● **STUDY MATERIAL**:
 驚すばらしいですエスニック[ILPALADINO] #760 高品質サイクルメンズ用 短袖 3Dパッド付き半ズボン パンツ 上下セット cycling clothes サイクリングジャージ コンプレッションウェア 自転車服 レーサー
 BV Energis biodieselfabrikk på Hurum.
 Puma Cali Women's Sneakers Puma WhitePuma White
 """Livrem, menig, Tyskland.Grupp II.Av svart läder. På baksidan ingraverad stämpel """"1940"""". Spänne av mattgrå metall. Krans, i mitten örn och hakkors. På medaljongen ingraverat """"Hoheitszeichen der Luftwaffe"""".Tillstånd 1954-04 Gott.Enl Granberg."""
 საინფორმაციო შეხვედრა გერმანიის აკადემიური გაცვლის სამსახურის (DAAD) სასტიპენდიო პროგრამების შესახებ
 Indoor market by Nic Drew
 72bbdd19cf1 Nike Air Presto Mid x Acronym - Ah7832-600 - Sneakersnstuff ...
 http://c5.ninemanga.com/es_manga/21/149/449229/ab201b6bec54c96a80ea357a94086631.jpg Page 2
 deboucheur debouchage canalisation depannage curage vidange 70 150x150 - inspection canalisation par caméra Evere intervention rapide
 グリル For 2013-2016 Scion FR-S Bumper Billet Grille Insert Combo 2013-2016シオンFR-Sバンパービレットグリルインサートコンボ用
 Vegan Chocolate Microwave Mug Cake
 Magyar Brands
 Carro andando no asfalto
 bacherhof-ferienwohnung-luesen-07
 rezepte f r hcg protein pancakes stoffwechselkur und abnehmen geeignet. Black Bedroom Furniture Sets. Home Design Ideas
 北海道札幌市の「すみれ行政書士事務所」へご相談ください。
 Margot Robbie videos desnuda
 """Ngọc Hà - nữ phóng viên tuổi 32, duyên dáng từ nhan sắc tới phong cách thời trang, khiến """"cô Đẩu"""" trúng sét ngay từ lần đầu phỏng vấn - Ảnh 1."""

● **PROBLEM TO SOLVE**:
Transcribe, with no changes, the listing above from its first line through the line with "Puma Cali Women's", including that line, and stop once it is done.

● **RESPONSE TO THIS TASK**:
 驚すばらしいですエスニック[ILPALADINO] #760 高品質サイクルメンズ用 短袖 3Dパッド付き半ズボン パンツ 上下セット cycling clothes サイクリングジャージ コンプレッションウェア 自転車服 レーサー
 BV Energis biodieselfabrikk på Hurum.
 Puma Cali Women's Sneakers Puma WhitePuma White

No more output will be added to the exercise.